OP here. I really enjoyed reading through Peter Norvig's AoC solutions a while back: https://github.com/norvig/pytudes/blob/master/ipynb/Advent%2...

I'm no Norvig, but I thought I'd try my hand at walking the reader through my own solutions this year. This is what I've come up with so far!

I'm currently 9th on the global leaderboard: https://adventofcode.com/2018/leaderboard


Hey OP, great job! While I see your notes that you've cleaned up your solutions after the fact, what you've published is remarkably clean, concise, and beautiful code.


Thank you!


9th on the leaderboard is insane, great work.


Well done. Great job taking the lead.


I love looking at other ways to solve these problems.

But I hope it remains clear to all that there's no singular right way to solve them. I remember writing a few of them thinking, "the big O is terrible but this is so much more obvious to read." Or even, "I bet part 2 will want to do X so I'll make it more robust for refactoring." So many variables. Fun to practice which ones you constrain.


I've enjoyed solving them on my own and then looking at the other solutions in the AoC subreddit. Its really interesting to see how people solve them in lots of languages including the language I wrote in. Usually I learn something new, and even if its in a different language I can see optimisations that I could apply to my solution.


I've really enjoyed these solutions in Javascript: https://beta.observablehq.com/collection/@mpcowan/advent-of-....

Observable has made it fun to follow along and re-run the code.

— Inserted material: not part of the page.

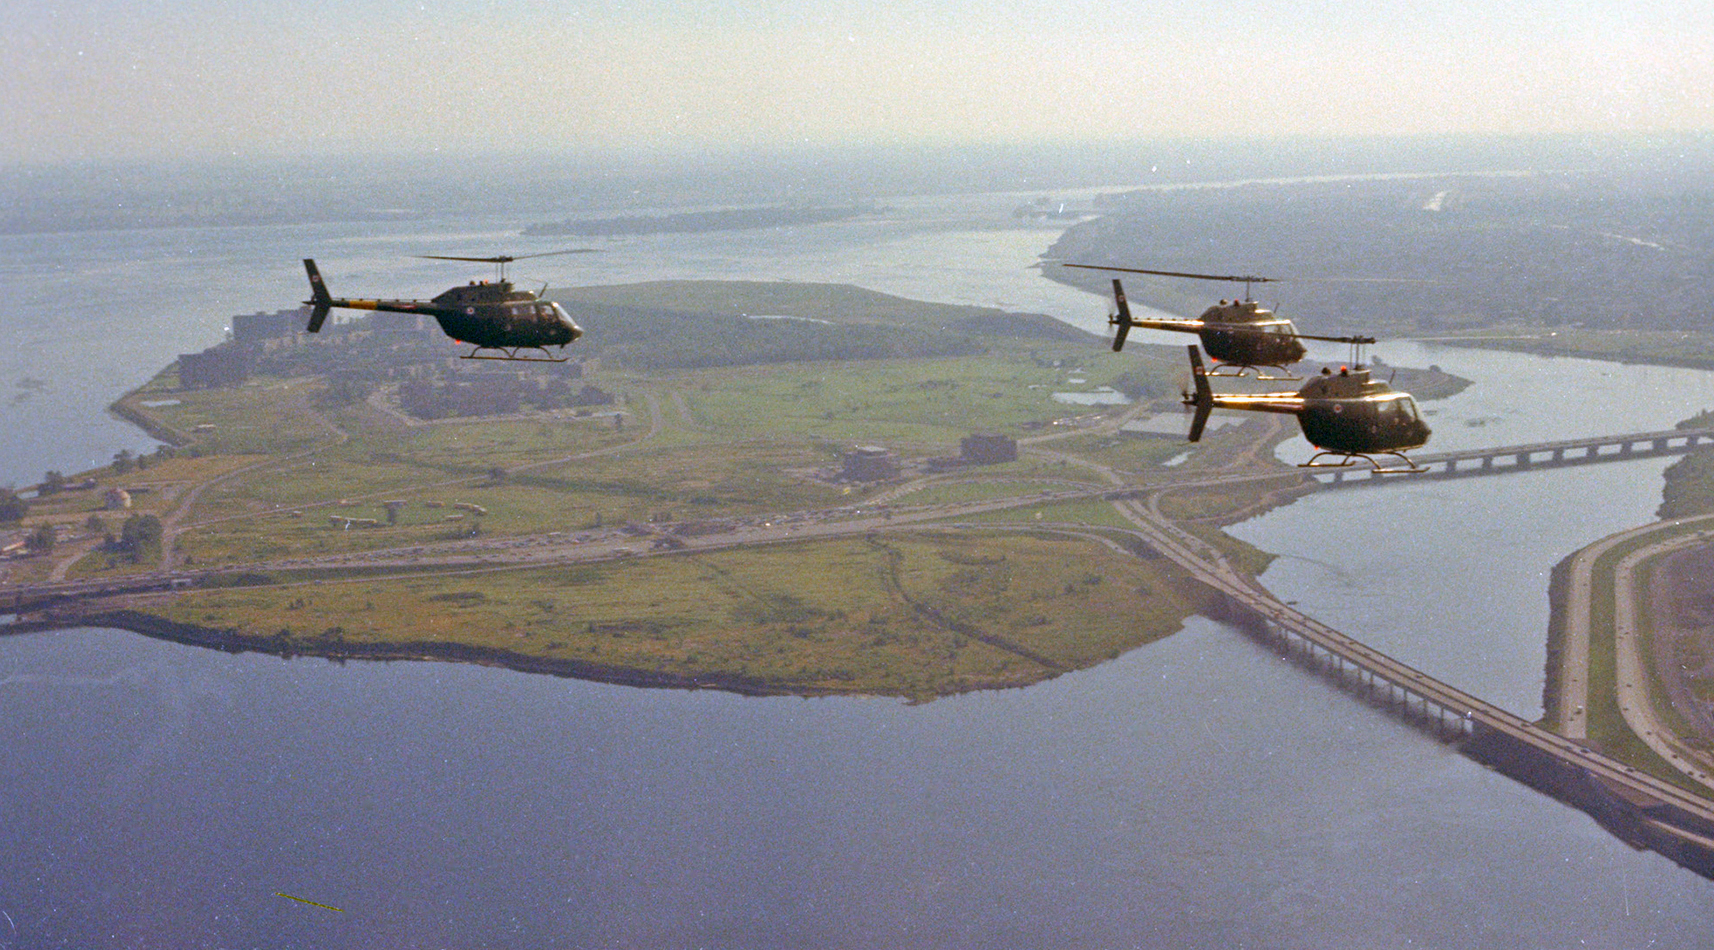 Three 427 Squadron CH-136 Kiowa helicopters from Petawawa, Ontario, fly over Nun's Island in Montreal during Exercise Power Play in August 1974. 427 Squadron began operating CH-136 Kiowa light observation helicopters in the 1970s. PHOTO: DND Archives, IMC74-123

I recommend reading the solutions on the Advent of Code subreddit: https://www.reddit.com/r/adventofcode/

There are much more interesting, highly optimized solutions and better discussion, animations, etc.


Thanks for the link, OP.

Looking at just Days 1 and 2, the author has given examples that are certainly concise, but (arguably) at the expense of readability. Similarly, the Day 2 part 2 answer is concise at the expense of performance, as there is a lot of duplicated comparisons and comparisons that could be skipped.


In an alternate reality, I made the solutions more performant and you criticized them for being too verbose.


I think it's worth noting that the problems are such that many solution don't need performance, and then later there are problems that do need performance, and of course those that no matter how much performance you had you have to work another approach entirely.

I was amused watching some people doing day 9 having solved it using a good datastructure and confused why p2 was so simple, vs watching people having no idea about their languages performance for the baked in collections they were using.


Fair point. I wasn't trying to necessarily criticize the solutions, but personally found differences between the given solutions and my own enlightening.


Haha, fair enough. There's certainly a balance to be made.


Thank you for this. I always like reading people's writeups for problems like these. Cheers.


Im still stuck on Day 15 in F# :| Trying to resist copying OPs python search algorithm.


And it might not even work. Some solutions work only on a fraction of inputs due to a vicious tie-breaking rule.